INSTRUCTIONS FOR THE TASK: Only the lines from the one with "Wayne Maxwell (1)" through the last line of the material below belong in the answer, copied exactly and without pictures.

*** DATA SECTION

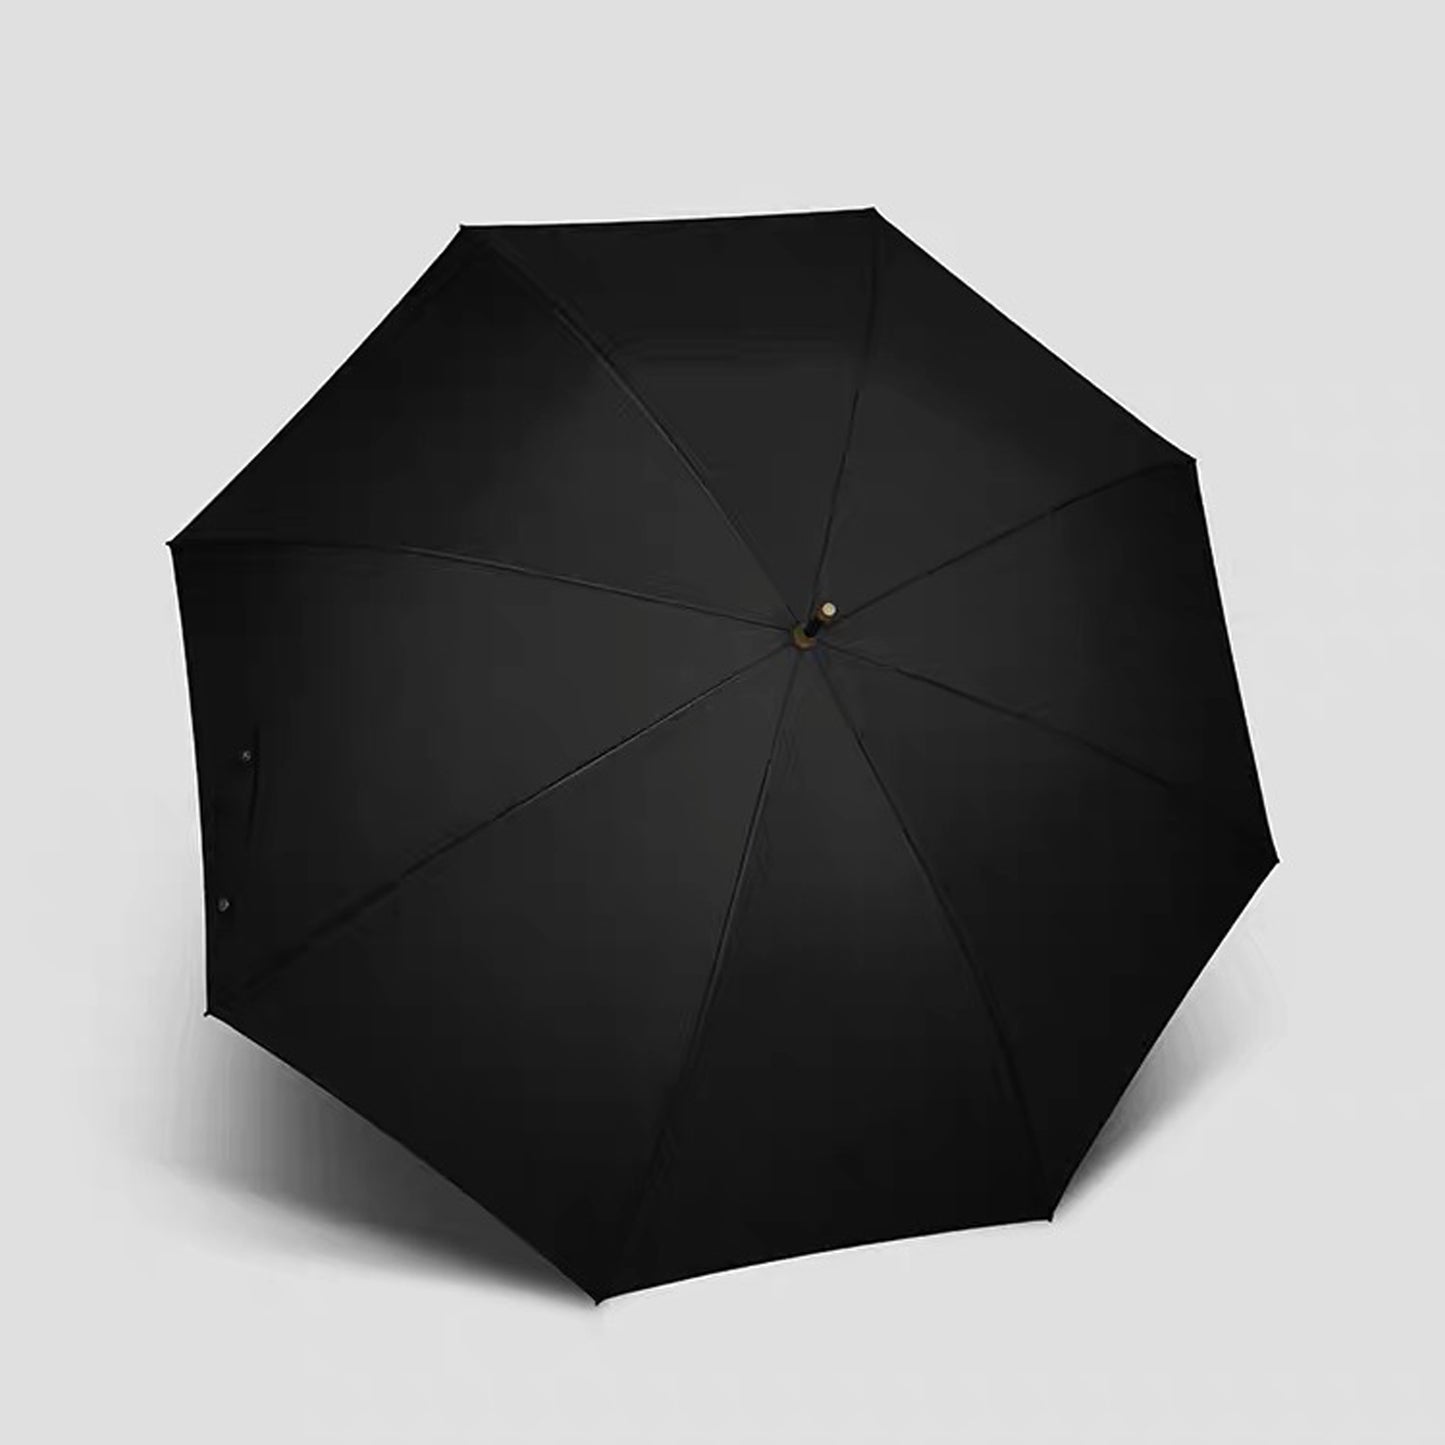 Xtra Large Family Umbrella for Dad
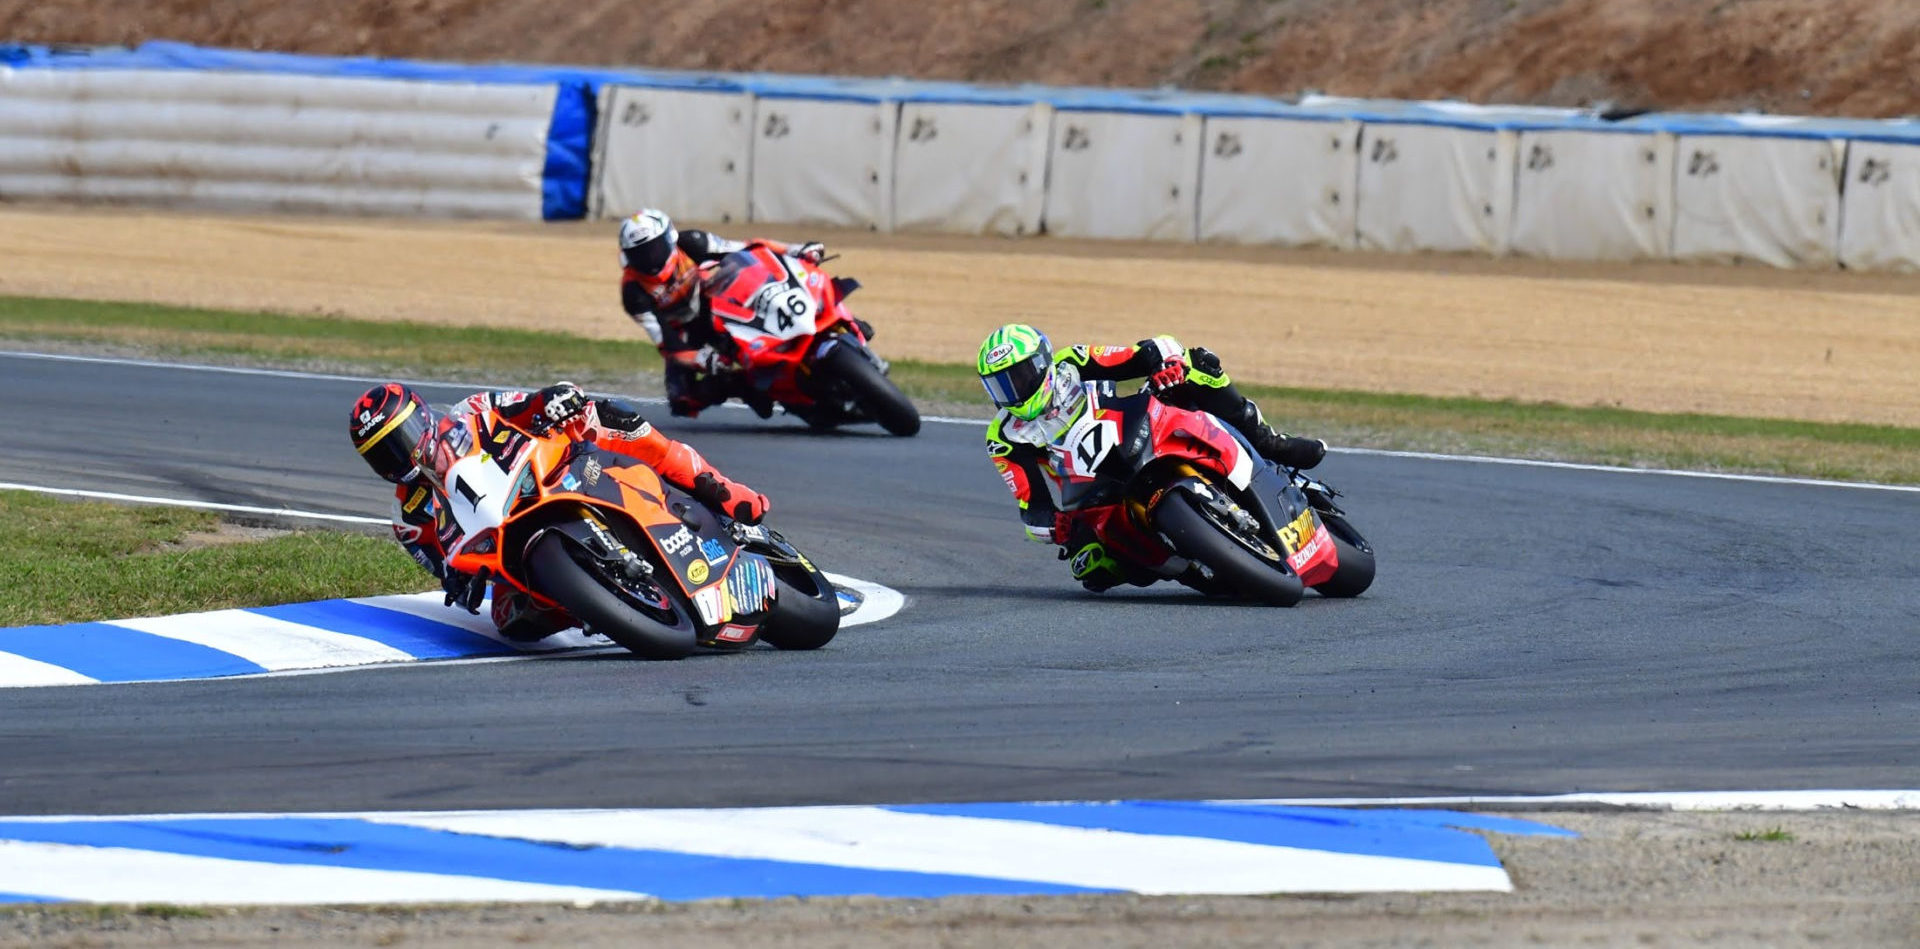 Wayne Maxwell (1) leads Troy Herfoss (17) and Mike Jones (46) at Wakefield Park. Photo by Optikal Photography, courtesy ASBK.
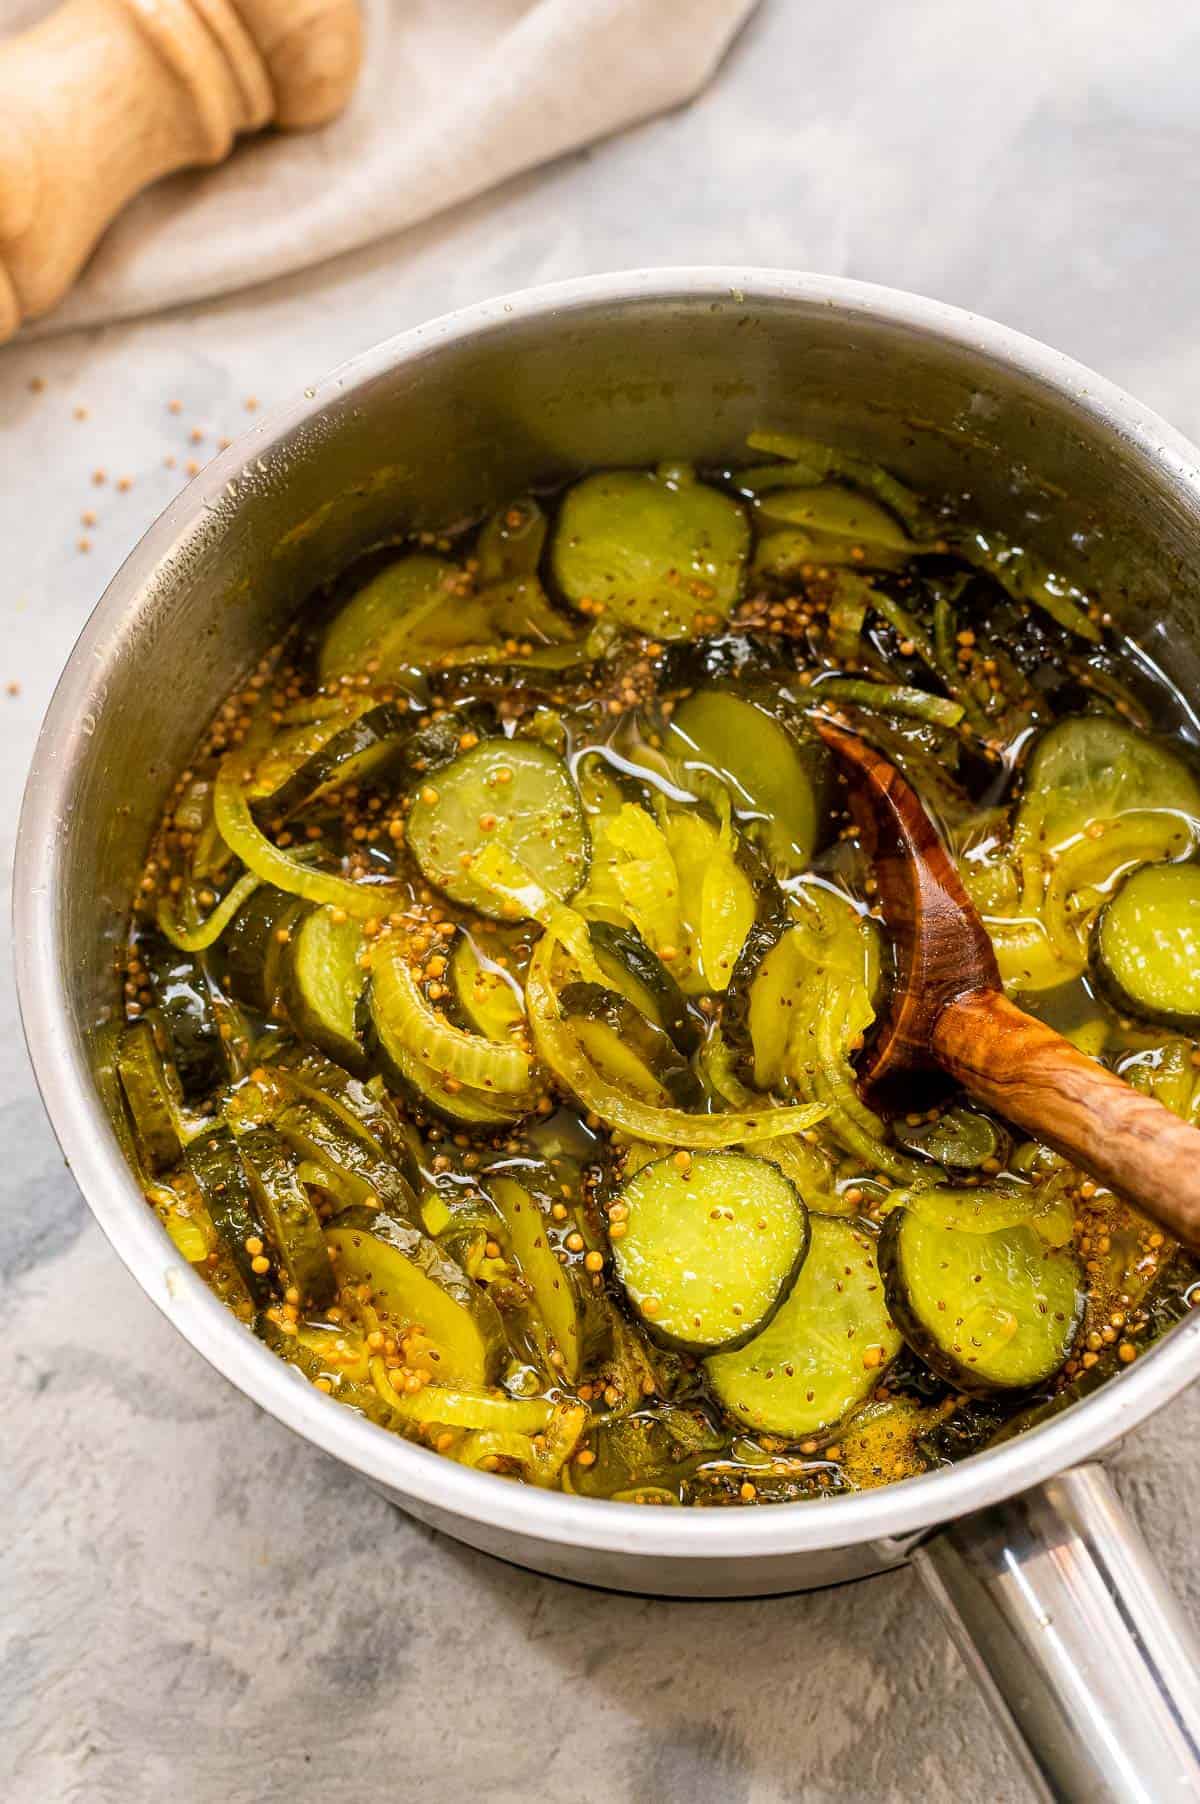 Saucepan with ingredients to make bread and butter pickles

******

ANSWER AREA:
 Wayne Maxwell (1) leads Troy Herfoss (17) and Mike Jones (46) at Wakefield Park. Photo by Optikal Photography, courtesy ASBK.
 Saucepan with ingredients to make bread and butter pickles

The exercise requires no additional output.